OpenAI is offering to pay news publishers as little as $1 million if they use their content to train large-scale language models (LLMs).
The company is also reportedly in talks with about a dozen other publishers to avoid lawsuits over copyright infringement.
This comes after several complaint reports cited media organizations and artists accusing AI companies of copyright infringement. The allegations are that AI companies are using public archives of news articles to train their LLMs without publishers' knowledge.
quantity is too small
a silicon angle The report notes that while this amount may seem too low given the rise of the company's LLM model, ChatGPT, it all goes back to the nature of the agreement made between the parties.
According to the amount information, too few even for small news publishers. As a result, this could hinder OpenAI efforts.
Last December, OpenAI was reported to have signed a deal with Axel Springer, the German publisher behind media brands such as Politico and Business Insider.
Details of the deal are still sketchy, but the total value is believed to be in the tens of millions of dollars, according to executives cited by the Information.
Also read: Microsoft adds Copilot AI button to new PC keyboards
More AI companies will follow
Other AI companies are also reportedly trying to negotiate with news publishers to use their articles for LLM training.

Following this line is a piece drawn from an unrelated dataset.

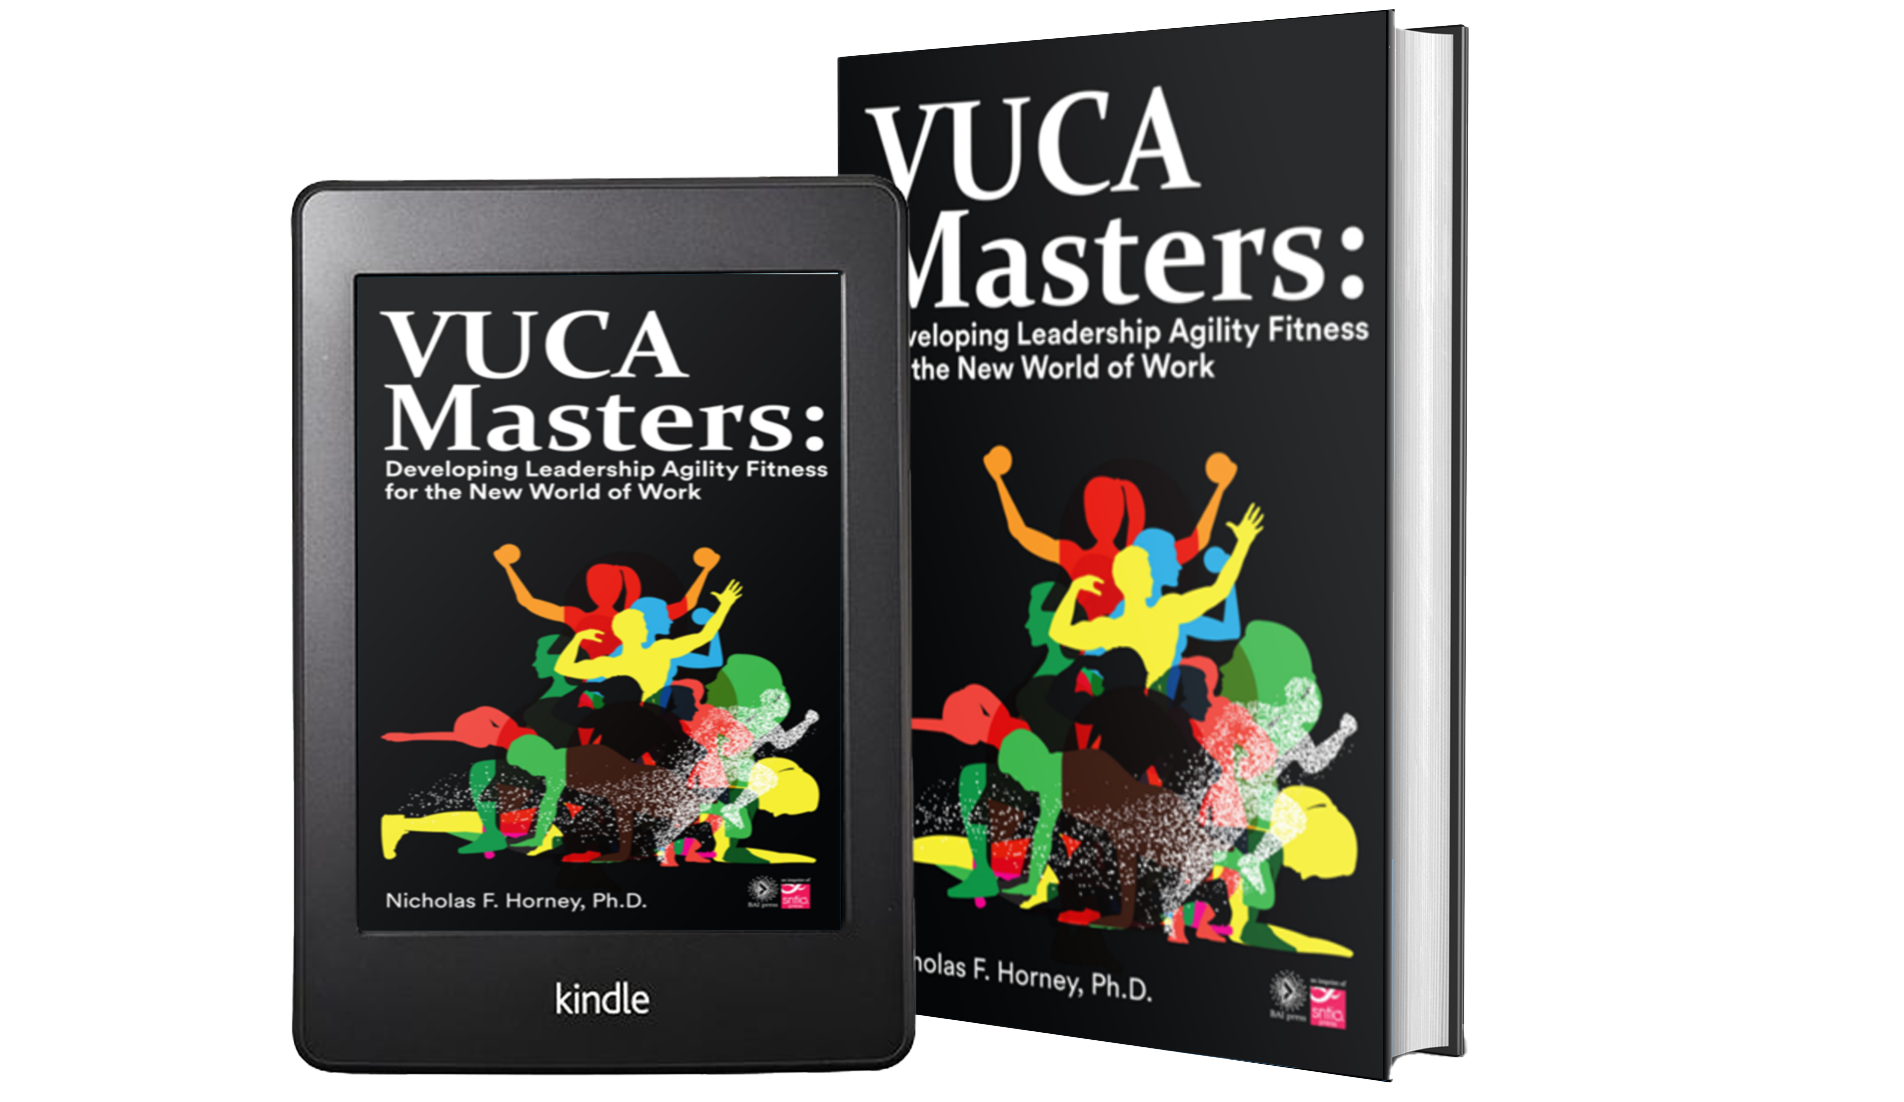 VUCA Masters: Developing Leadership Agility Fitness for the New World of Work

apple, For example, the company is trying to catch up with OpenAI and Google in generative AI, but it's also trying to strike deals with news publishers, according to one executive quoted by The Information.
The company also reportedly wants the rights to use their content “more broadly” than its competitors and is offering more money to news publishers than OpenAI.
Sources close to the development say Apple wants to make extensive use of the content in “future AI products in any way the company deems necessary.”
The company already has deals worth $50 million with news publishers including NBC News, Vogue, The New Yorker, The Daily Beast and Better Homes and Gardens.
There are no free meals for AI
LLM is pre-trained huge amount of data. But that data doesn't seem to be free. Everything has a price tag, including the data used to train an LLM. Recently, media organizations including the New York Times, Reuters, CNN, and Vox Media, the parent company of Vogue, blocked access to data from OpenAI and Microsoft.
Last December, OpenAI and Microsoft were sued by the Times, accusing the two tech giants of using copyrighted content to train their models.
That's not all. Reddit Inc. tracked all the companies that use their content to train his LLMs. Popular authors have also joined forces to file a lawsuit against an AI company that used their books for LLM training.
According to Silicon Angle, “LLM training is very expensive.”
Beyond data costs
The cost of LLM training goes beyond data availability.according to forbes“Thousands of graphics processing units (GPUs) are required to provide the parallel processing power needed to process the large datasets that these models train on.”
GPUs alone cost millions of dollars.Forbes is Technology overview We analyzed OpenAI's GPT-3 language model and estimated that each training run requires at least $5 million worth of GPUs. More training runs will be required, further increasing costs.